By Sara Peters, Fauske & Associates, LLC (FAI)
Often, material safety data sheets refer to the thermal stability of a chemical or its stability at higher temperatures, as an intrinsic property of the chemical or mixture. In fact, this is an oversimplification of a concept that must be defined in a more comprehensive way.
Understanding the thermal stability of a chemical or mixture is critical to ensuring its safe handling in any setting. The more stable a material is at higher temperatures, the more resistant it is to breaking down or decomposing . This understanding is accomplished through thermal stability testing aimed at collecting reaction rate data and applying that data to assess whether a specified quantity of material can be used in a way such that runaway reactions are avoided. This is important when considering processing, long-term storage, or shipping of a material.
Unique testing and consulting requests make it advantageous for a reliable testing organization to have a variety of instruments and tools available to characterize the thermal stability of a material. For example, if the purpose is to characterize reactive chemical systems and consequences that could occur due to process upset conditions, then use of a low thermal inertia adiabatic calorimeters: the Vent Sizing Package 2 (VSP2TM) and the Advanced Reactive Systems Screening Tool (ARSSTTM) might be most appropriate. However, if the goal is to help quantify the heat released during intended chemical reactions– preparing for the expected, then you may look to reaction calorimetry instruments such as the Mettler-Toledo RC1, ChemiSens CPA 202, or THT μRC. Or, if the desired outcome is to formulate an accurate determination of safety parameters and plan for mitigating a potential reaction, then you may look to an instrument such as the VSP2TM, ARSSTTM, Differential Scanning Calorimetry (DSC) and Thermogravimetric Analysis (TGA), Thermal Activity Monitor (TAM) or Accelerating Rate Calorimetry (ARC).

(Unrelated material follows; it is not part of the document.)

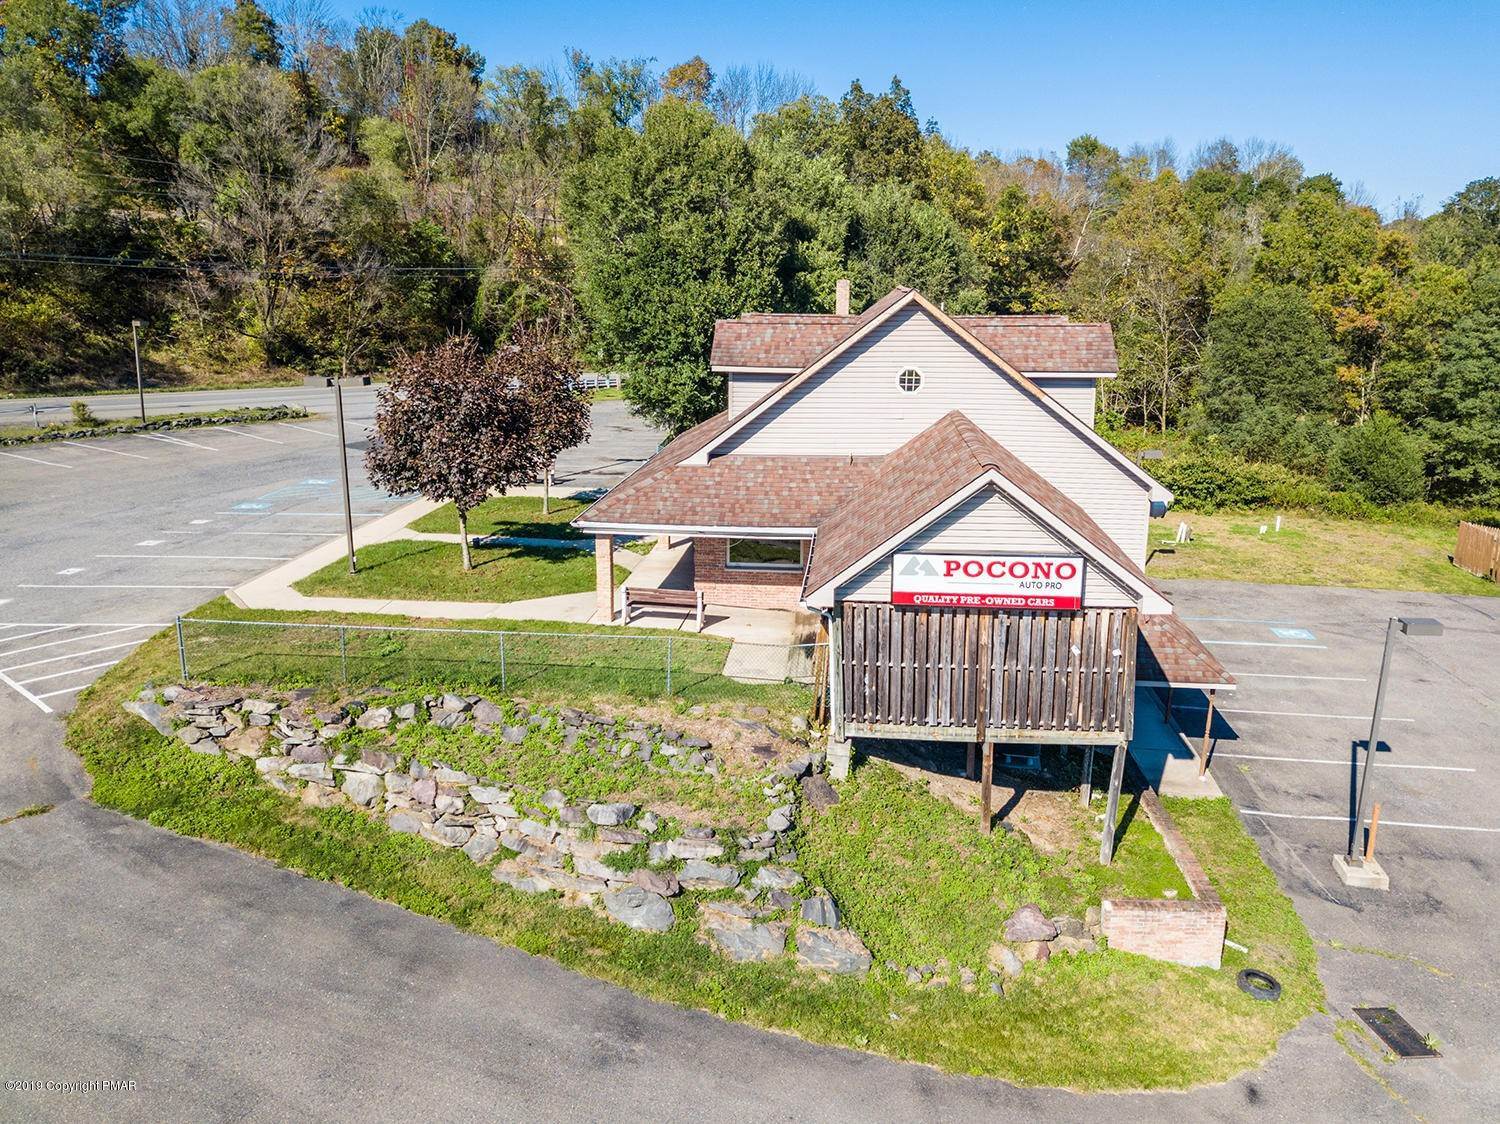 10. Commercial for Sale at 6568 Route 209, Unit 1 Stroudsburg, Pennsylvania 18360 United States
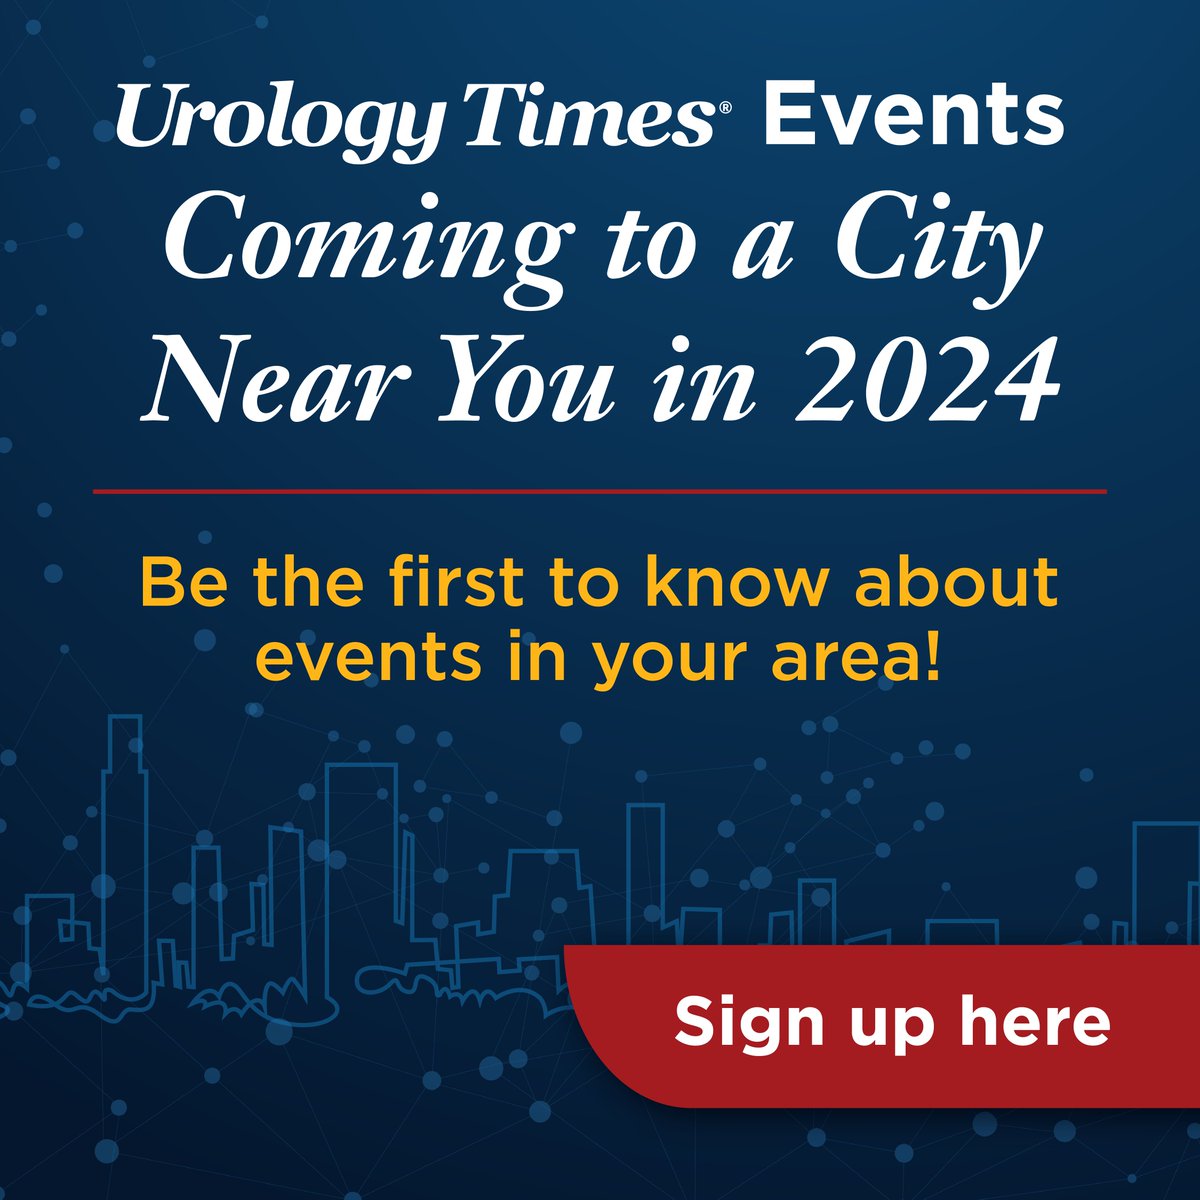 Get ready to elevate your practice and expand your network with Urology Times® Events coming to a city near you in 2024! Sign up for our eNewsletter to be the first to know about events in your area! ow.ly/S0m950RxwAc

All of these instruments are or should be part of a well equipped thermal hazards laboratory, to ensure that each customer’s unique system and problem is properly addressed with the correct tools. At Fauske & Associates, LLC (FAI), we have all of these instruments in our thermal hazards lab but recently saw a need to enhance our toolkit even further with the addition of the C80 Calorimeter manufactured by Setaram.
Some of the key benefits the C80 offers include:
- The C80 is a reaction, thermal and scanning calorimeter that operates like a larger version of a DSC which accommodates a larger sample size and bigger test cells - 10 ml test cells, as opposed to 20-50 µl test cells. This is especially advantageous when dealing with heterogeneous or multi-component samples that come in and are not uniformly mixed and cannot be uniformly mixed (think different colored M&Ms) as the larger size allows a more representative sample to be tested.
- It has a wide range of vessels that can be used with it which makes it flexible
- A lot of the other instruments primarily use metal cells, but the C80 can use glass-lined cells which is beneficial when dealing with peroxides or other chemicals that are highly sensitive/reactive to metals
- The C80 offers a unique level of sensitivity to thermal events and also the ability to design cells and vessels to simulate almost any potential condition
- Temperature ramp measures heat flow as a function of time and temperature
- Temperature range is from ambient to 300mC
As you can see, the C80 is a fantastic addition to our toolkit here at FAI as it nicely complements other instruments in our lab and enhances the ability of our engineers to offer practical and customized solutions to unique process safety issues dealing with thermal hazards and thermal stability. When you are considering a provider for your own process safety needs in this area make sure that they too have a robust toolkit with which to effectively address your concerns.